# Roy Rogers Rabbit



## bun-mommy (Dec 30, 2012)

I had to put my poor bunny boy Roy down the morning of Christmas Eve. The night before, I held him in my arms for a couple of hours. His breathing had gotten real bad and I had no idea how to help him. He was barely eating and when he would he had to be hand fed and helped to drink. He couldn't support himself, or even hold his head up. Then that morning came and my boy was on his side and there was blood coming out of his nose. He looked miserable and in pain. He wasn't the same rabbit, I could see it in his eyes. We drove down to the vets and Roy is now hopping in bunny heaven. I miss him so much. :hearts: I wish things had ended differently, but Roy's 7.5 years with me gave me so much joy. Rest in peace, my buddy.ray:

:bunny16 :bunny16 :bunny16 :bunny16 :bunny16 :bunny16 :bunny16 :bunny16


----------



## Imbrium (Dec 30, 2012)

poor Roy! I'm so sorry you lost him 

binky free, little boy! :rainbow:


----------



## gmas rabbit (Dec 30, 2012)

I am just so sorry. He is out of pain, happily bouncing around the bridge with a brand new healthy body. Terrible to lose them, but somehow at Christmas it is even worse.


----------



## Ilovemyrabbit (Dec 30, 2012)

:yeahthat:

I know you will miss him, a lot! But at least he is now pain free at the bridge with all the other rabbits :rainbow:.
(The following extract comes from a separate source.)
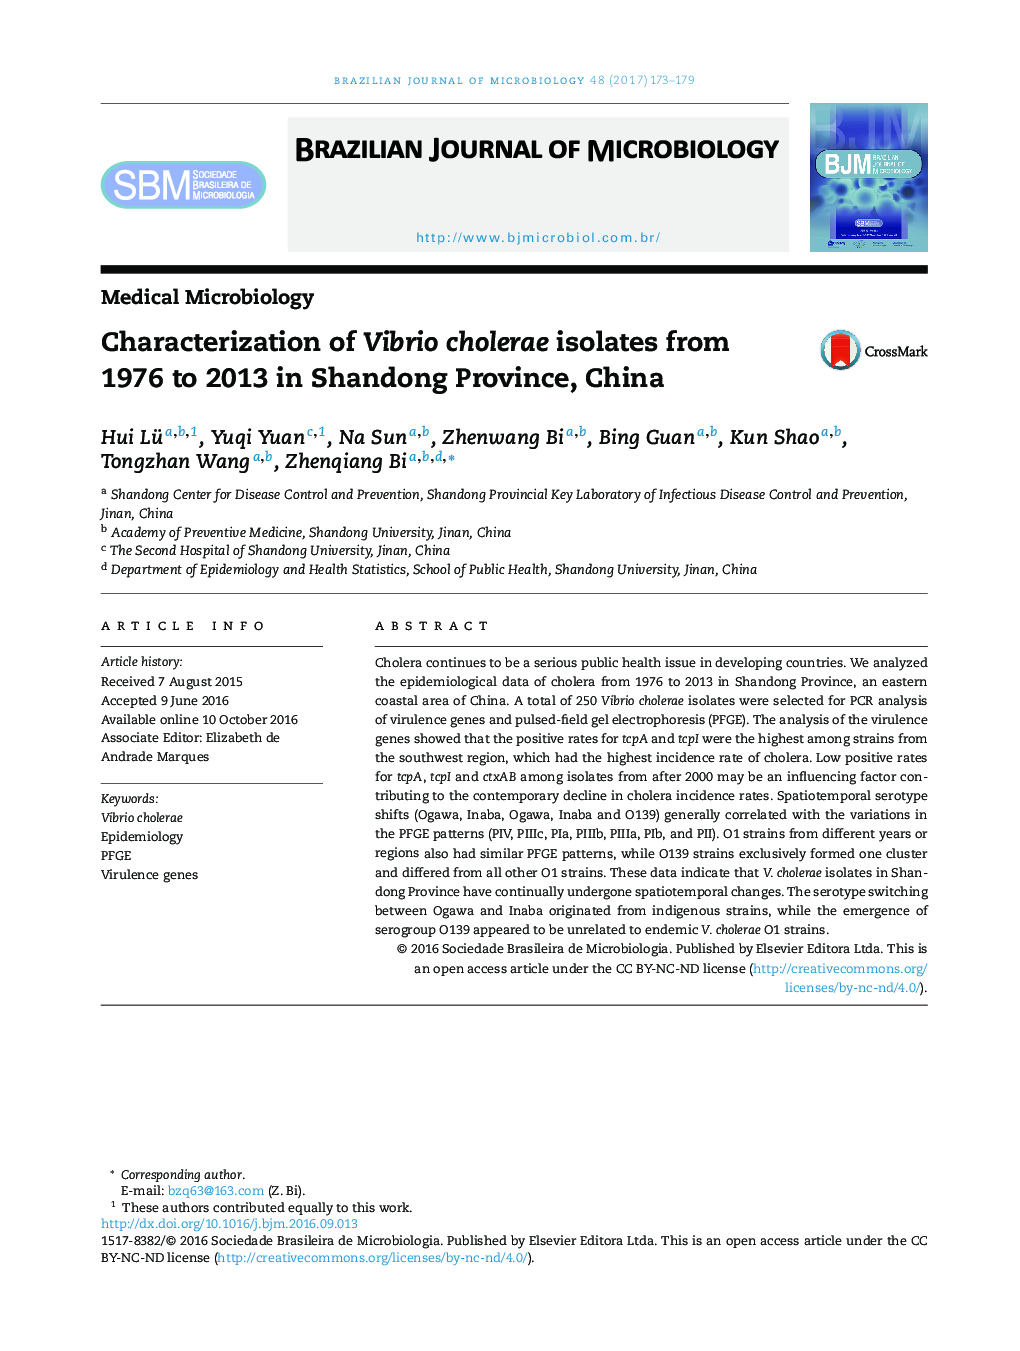 Characterization of Vibrio cholerae isolates from 1976 to 2013 in Shandong Province, China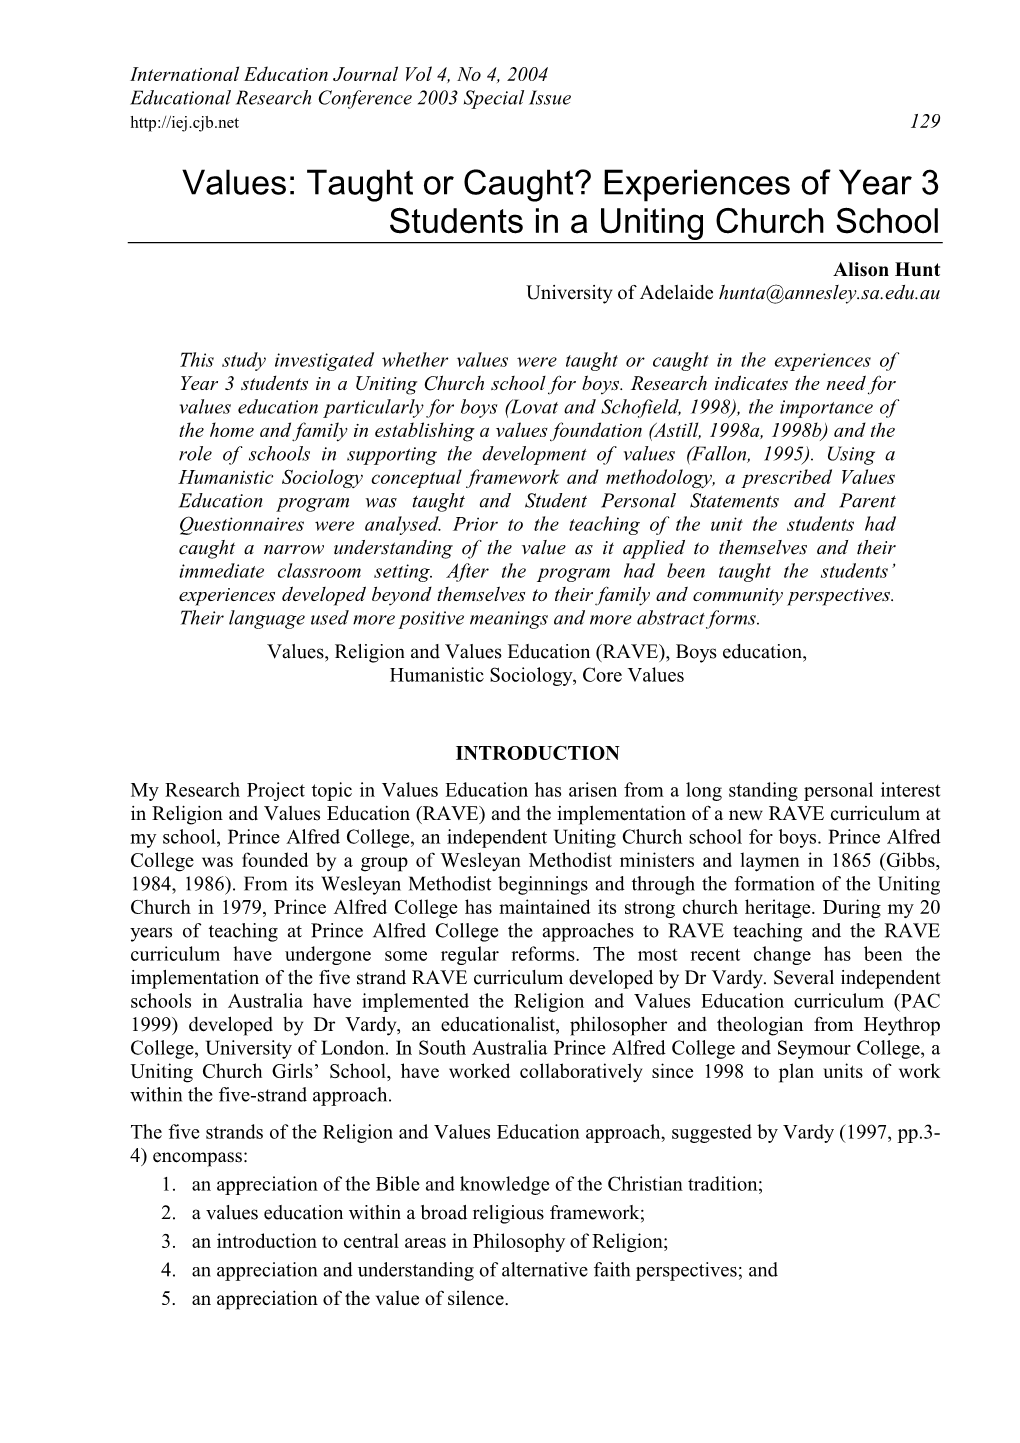 Values: Taught Or Caught? Experiences of Year 3 Students in a Uniting Church School Alison Hunt University of Adelaide Hunta@Annesley.Sa.Edu.Au

RIP sweet Roy Rogers. You will be missed. :rose:


----------



## LakeCondo (Dec 30, 2012)

He knew you loved him & did the best for him. He's now pain-free.


----------



## Ape337 (Dec 30, 2012)

Oh no! Very sorry for your loss. Binky free little one ray:


----------



## Kipcha (Dec 30, 2012)

I am very sorry for you loss  R.I.P Roy


----------



## Nancy McClelland (Dec 30, 2012)

We're so sorry your Roy is no longer with you. Rest in peace little man and binky free.


----------



## HEM (Dec 31, 2012)

Oh no, so sorry to hear about this
Well, Roy is no longer in pain and is breathing fine again at the bridge
Binky free, Roy!!


----------



## Chrisdoc (Jan 8, 2013)

So sorry you had to lose your little boy at Christmas, he´ll be there across the bridge binkying away and looking down on you.


----------